== Information shown ==

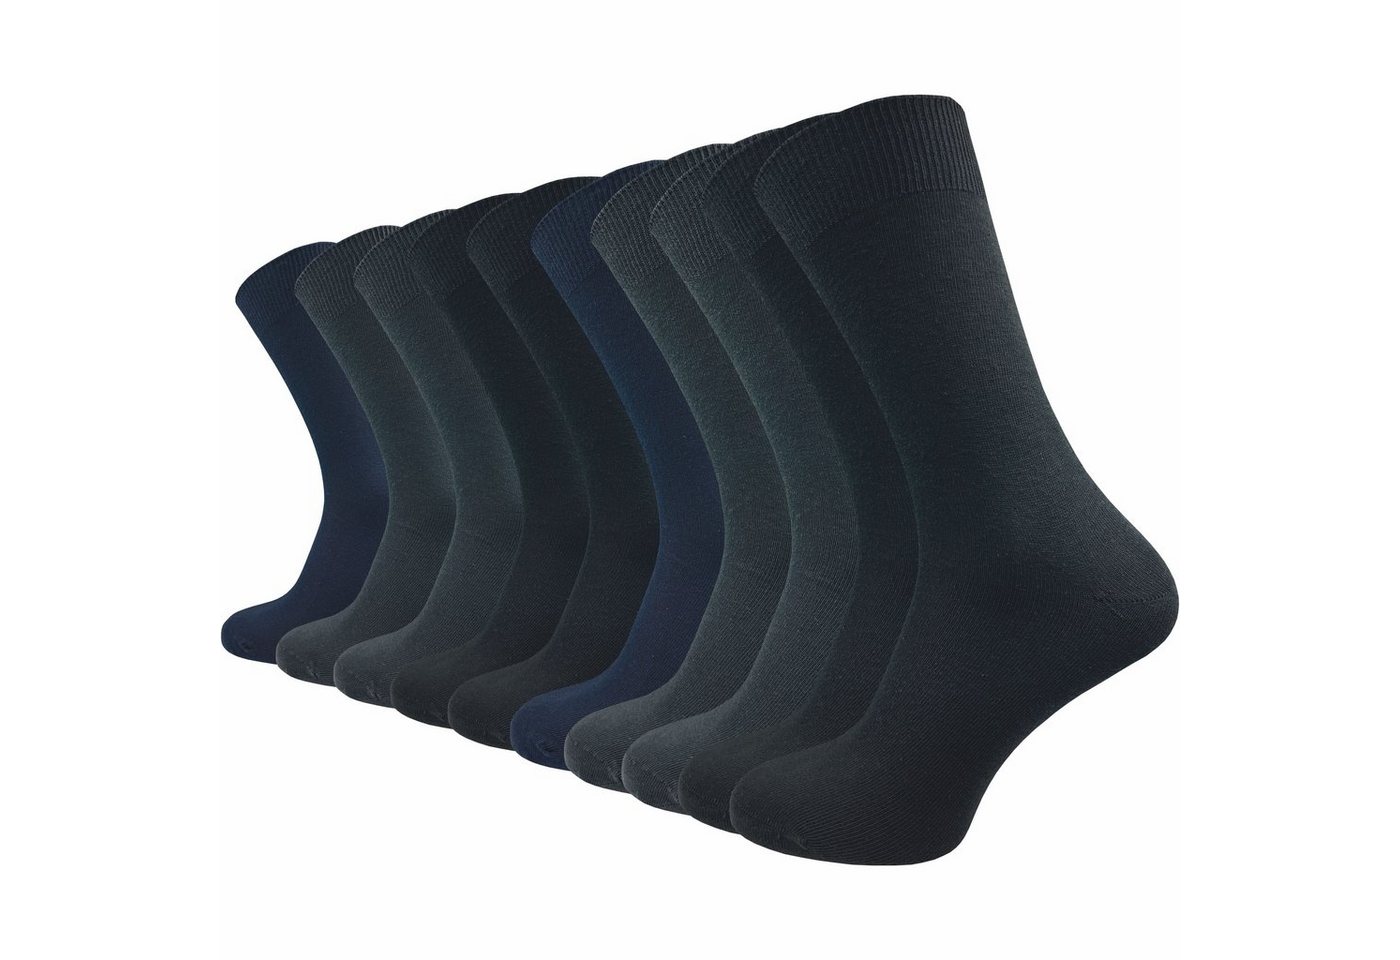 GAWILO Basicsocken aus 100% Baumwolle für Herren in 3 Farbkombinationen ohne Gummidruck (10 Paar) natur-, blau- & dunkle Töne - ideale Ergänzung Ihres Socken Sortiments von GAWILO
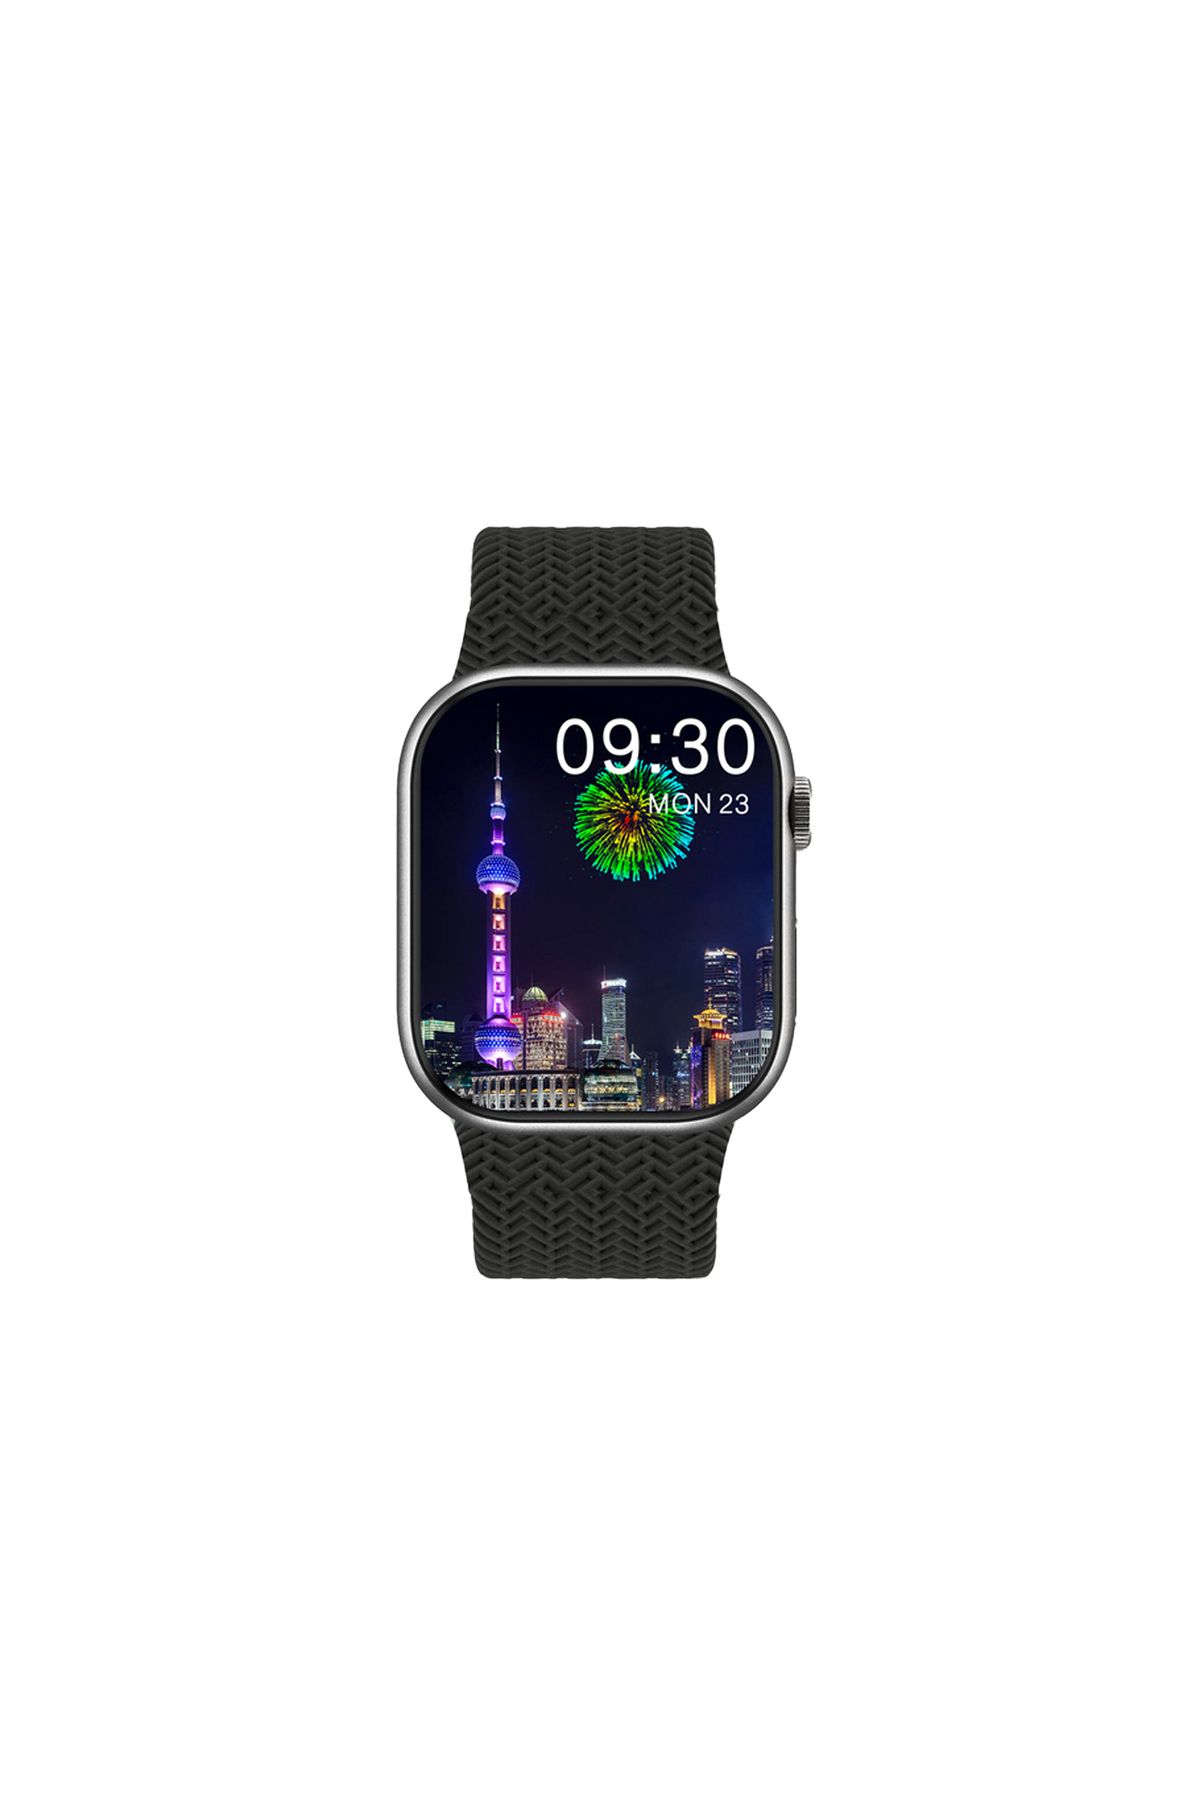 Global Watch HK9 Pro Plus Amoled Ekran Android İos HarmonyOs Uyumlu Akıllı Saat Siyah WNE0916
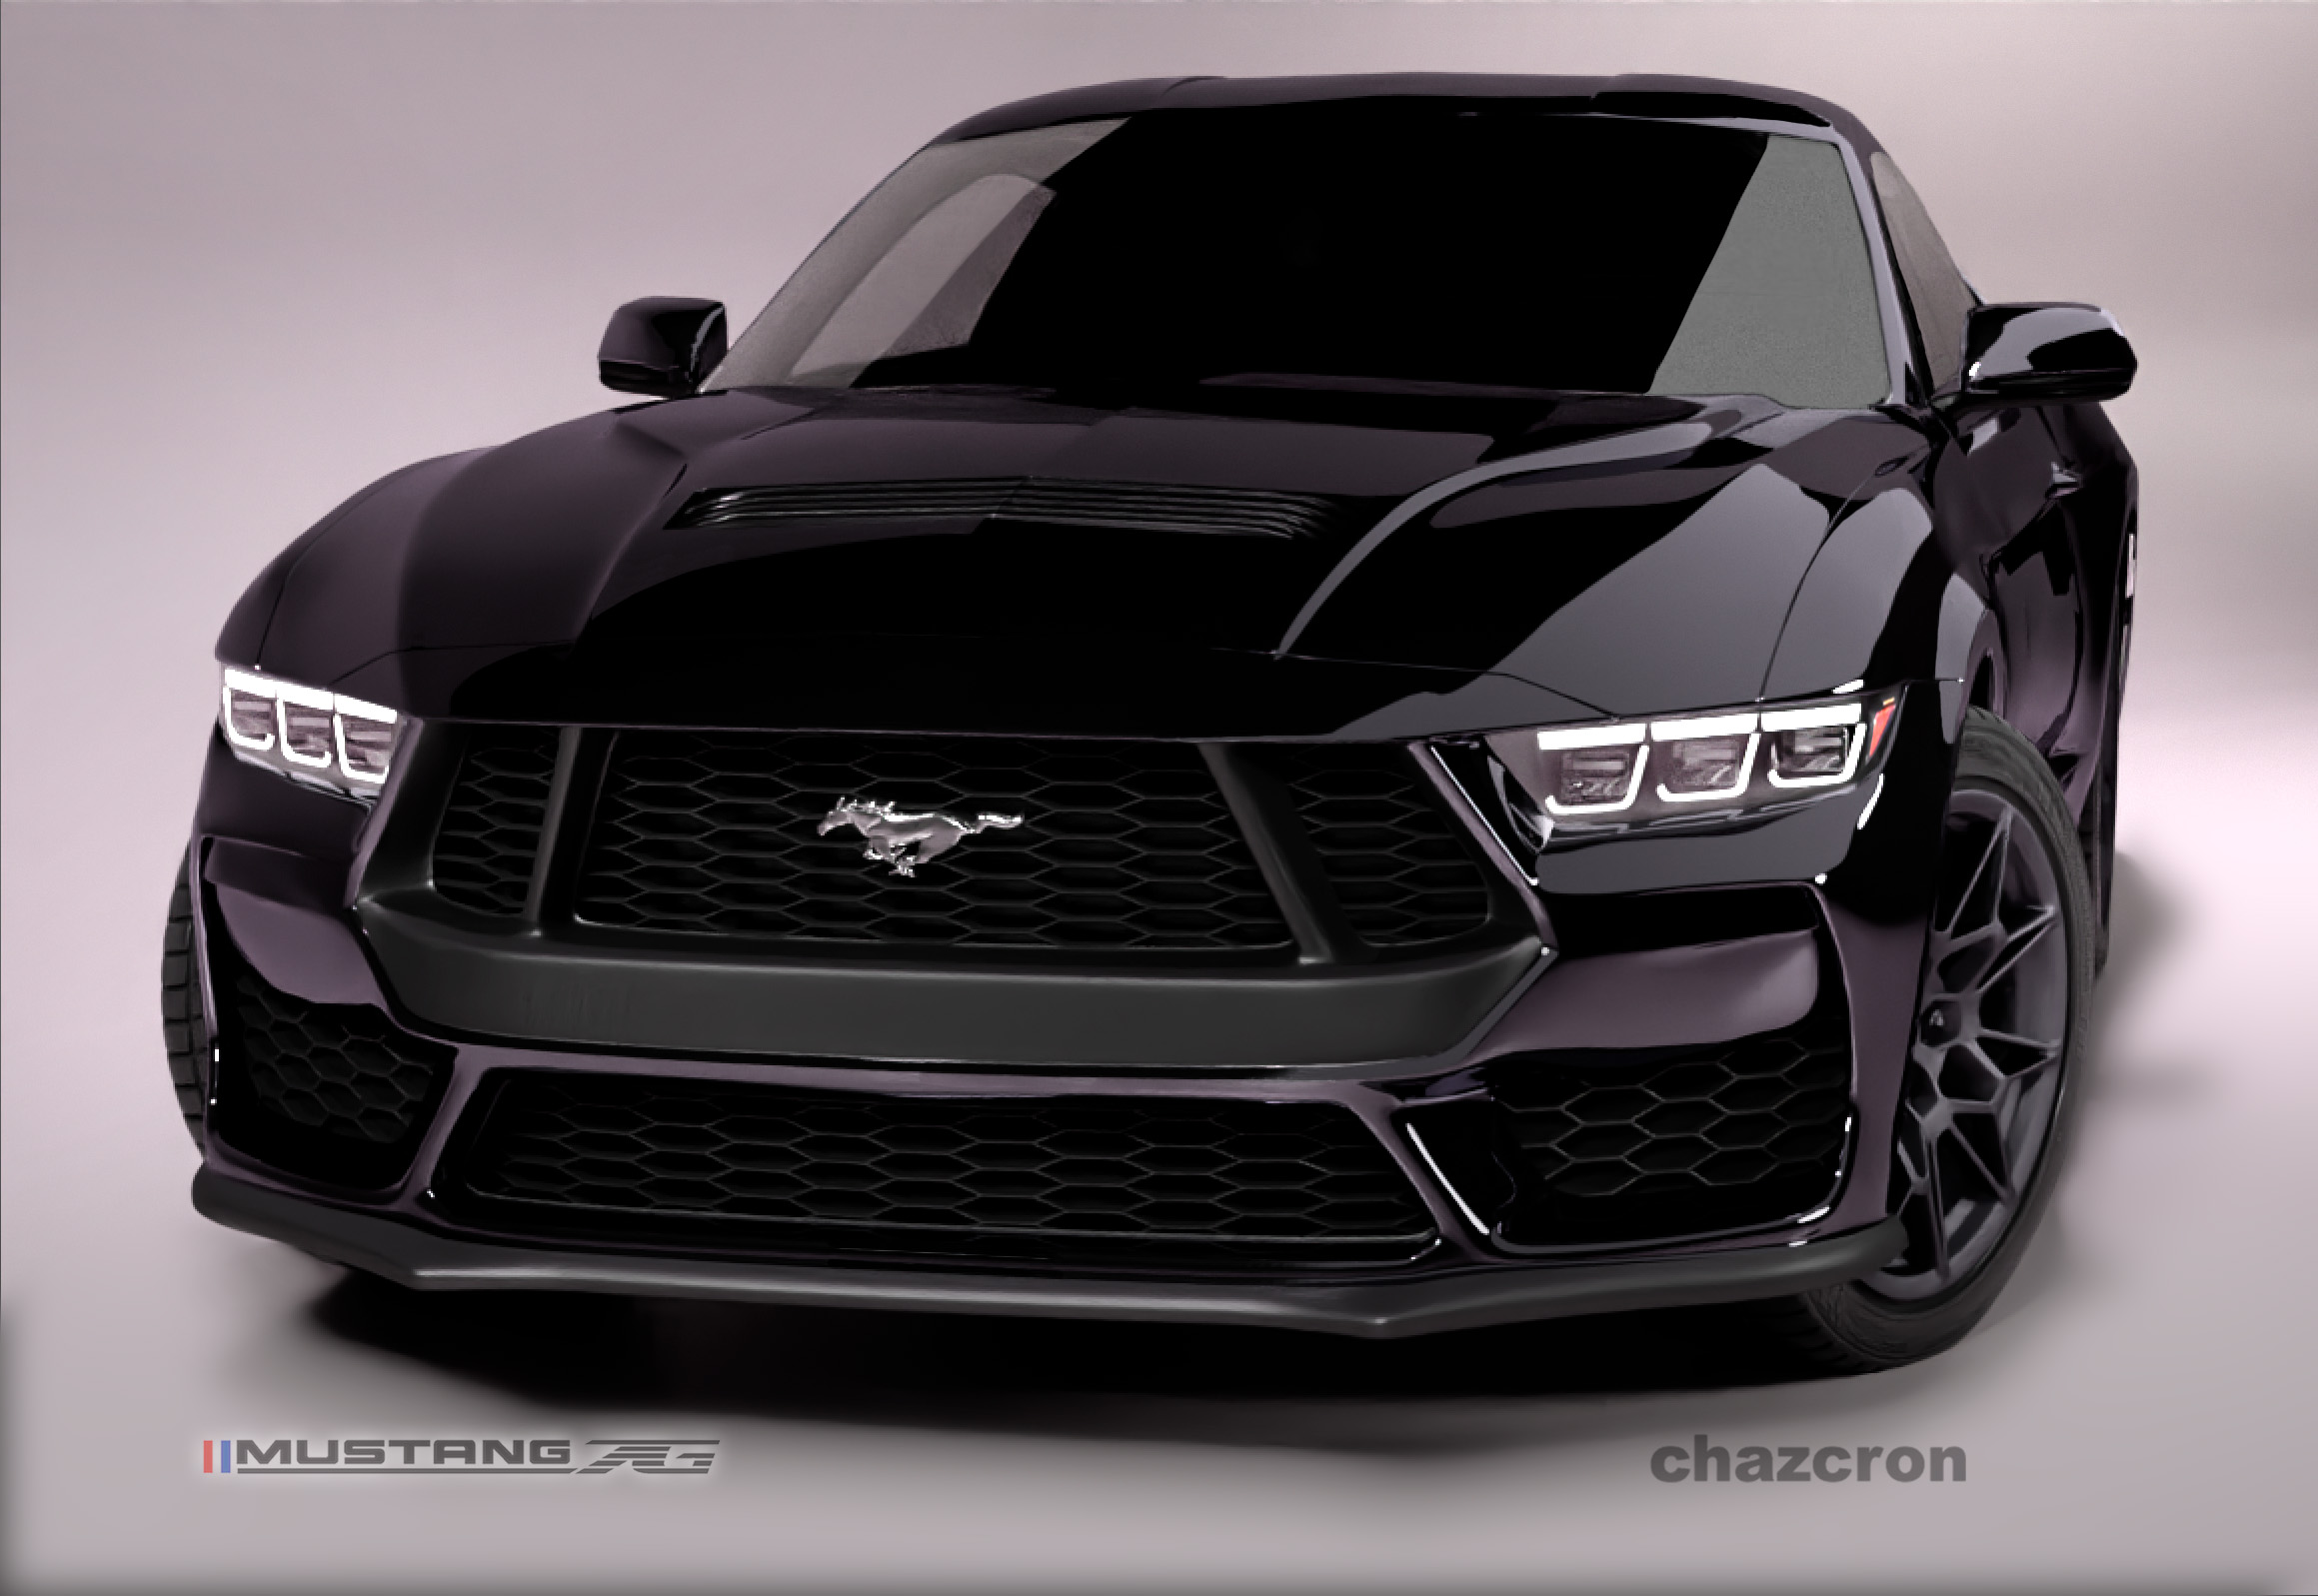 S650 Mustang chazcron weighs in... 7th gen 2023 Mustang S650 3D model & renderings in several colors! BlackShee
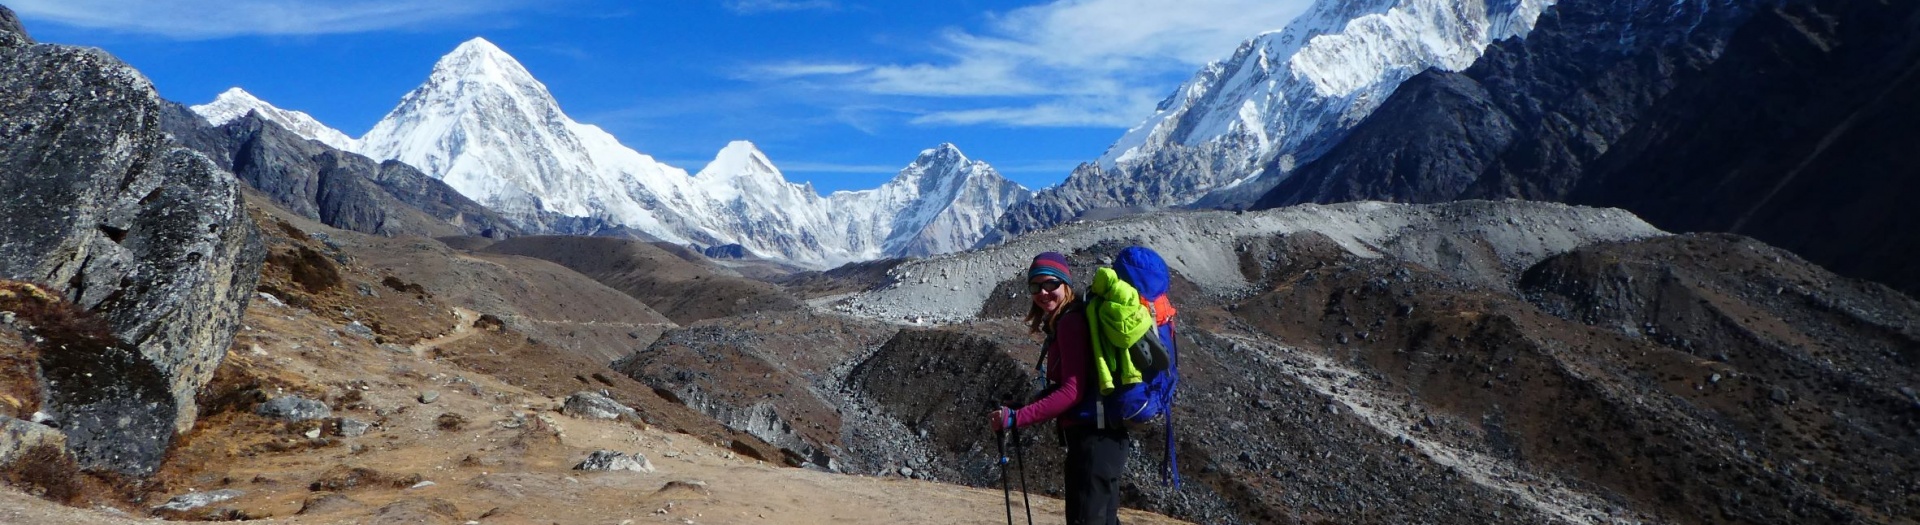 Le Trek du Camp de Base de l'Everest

===

## Task item:
Repeat the data in full, exactly as it stands, but drop every picture.

## Response:
 GAWILO Basicsocken aus 100% Baumwolle für Herren in 3 Farbkombinationen ohne Gummidruck (10 Paar) natur-, blau- & dunkle Töne - ideale Ergänzung Ihres Socken Sortiments von GAWILO
 Global Watch HK9 Pro Plus Amoled Ekran Android İos HarmonyOs Uyumlu Akıllı Saat Siyah WNE0916
 S650 Mustang chazcron weighs in... 7th gen 2023 Mustang S650 3D model & renderings in several colors! BlackShee
 Le Trek du Camp de Base de l'Everest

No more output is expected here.